Pre-Read: "Wer wissen will, was nächstes Jahr im Buchladen steht, kann hier blättern."

Teil III aus den "Nach-Geschichten" von Jenny Warnecke (2011)

Es geht um die Sozialisation von Lukas, dem Sohn einer die Nazi-Zeit in Berlin überlebenden Jüdin. Und um die Vorgeschichte der Mutter. Und andere Nebenstränge. Aus dem Text:


Foto: Ellenai Predski (Berlin 1944)

"Ich glaube, dass die ganze Gesellschaft sehr beschädigt ist von der Nazi-Zeit.

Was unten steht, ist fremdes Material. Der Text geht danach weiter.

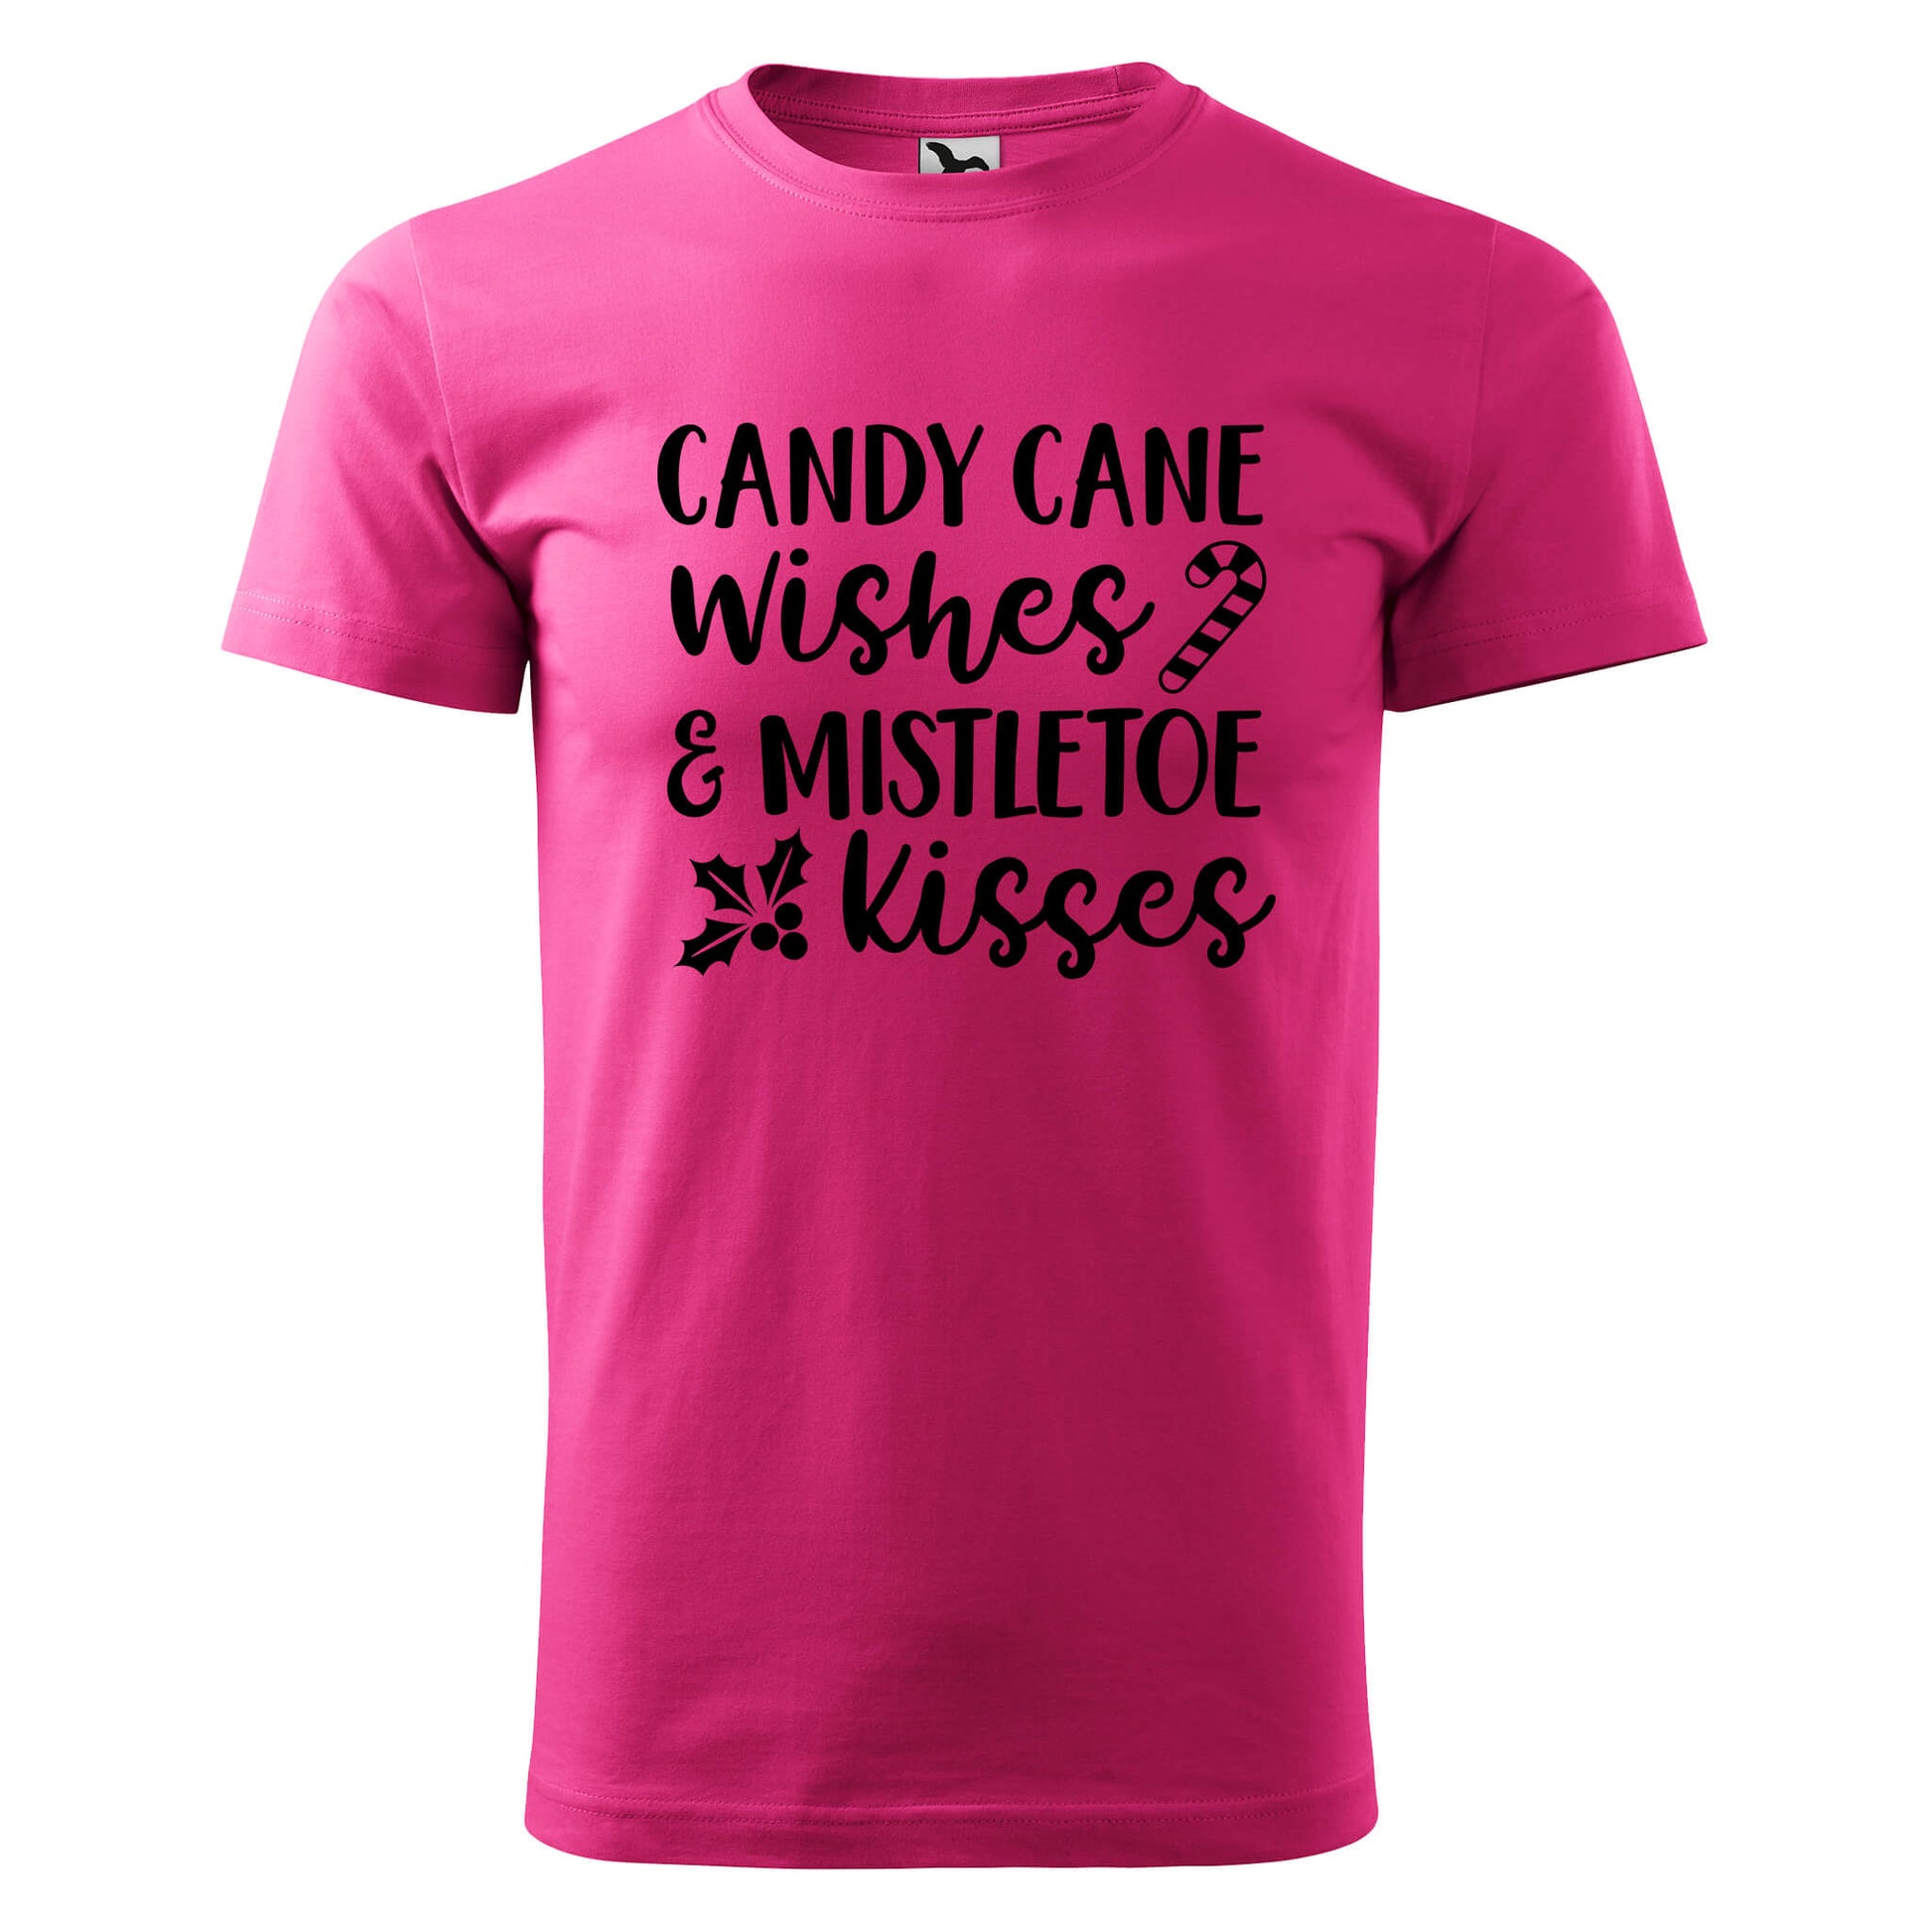 Candy cane wishes mistletoe kisses t-shirt - rvdesignprint

Sowohl die Überlebenden als auch die Täter und deren Kinder. Dieses Beschädigt-Sein kann ich meiner Mutter natürlich nicht vorwerfen. Aber

sie hätte vielleicht nicht so viele Kinder bekommen sollen. Das
erfordert viel Empathie. Die konnte sie nicht aufbringen. – Ich habe
kein richtiges Bild von meiner Mutter.“ 

Er schweigt und schaut auf die Papiere und Fotos, die er über den Tisch
verteilt hat. Er nimmt eine Porträt-Aufnahme von einer Frau, die mit
einer Zigarette in der Hand selbstsicher in die Kamera schaut. „So sah
Mammi sich gerne. Das hat ein Fotograf 1944 aufgenommen. Wer das genau
war, weiß ich nicht. Er hat eine ganze Serie Ellenais gemacht."

(...)


Er lässt die Zeitung sinken: „Diese Idioten von Priestern. Schon wieder
eine neue Heiligsprechung! Der Papst kassiert wohl Provision.“

„Ach Tate, reg dich nicht immer so auf. Es gibt wirklich wichtigere Dinge.“

„Ich reg mich doch gar nicht auf. Im Gegenteil: ich finde es gut, dass
Raviolis quasi eine heilige Mahlzeit sind, um nicht zu sagen ein
würdiges Abendmahl für heute. Doch echt! Die unfehlbare Unschuld in
Person von Papst Innozenz dem dritten hat den Asketen Wilhelm 1202 selig
gesprochen, fast 50 Jahre nach seinem Tod – und warum? Weil er Raviolis
gesegnet hat, die mit Stroh gefüllt waren, und sie sich dadurch – so
will es das Wunder – in leckere Quarktäschchen verwandelt haben. Wer
nochmal was gegen meine heilige Dosenkost sagt, muss mit der Rache des
Wilhelm von Malavalle rechnen!“


(Wdh.: Do. 16. September, 13-14 Uhr)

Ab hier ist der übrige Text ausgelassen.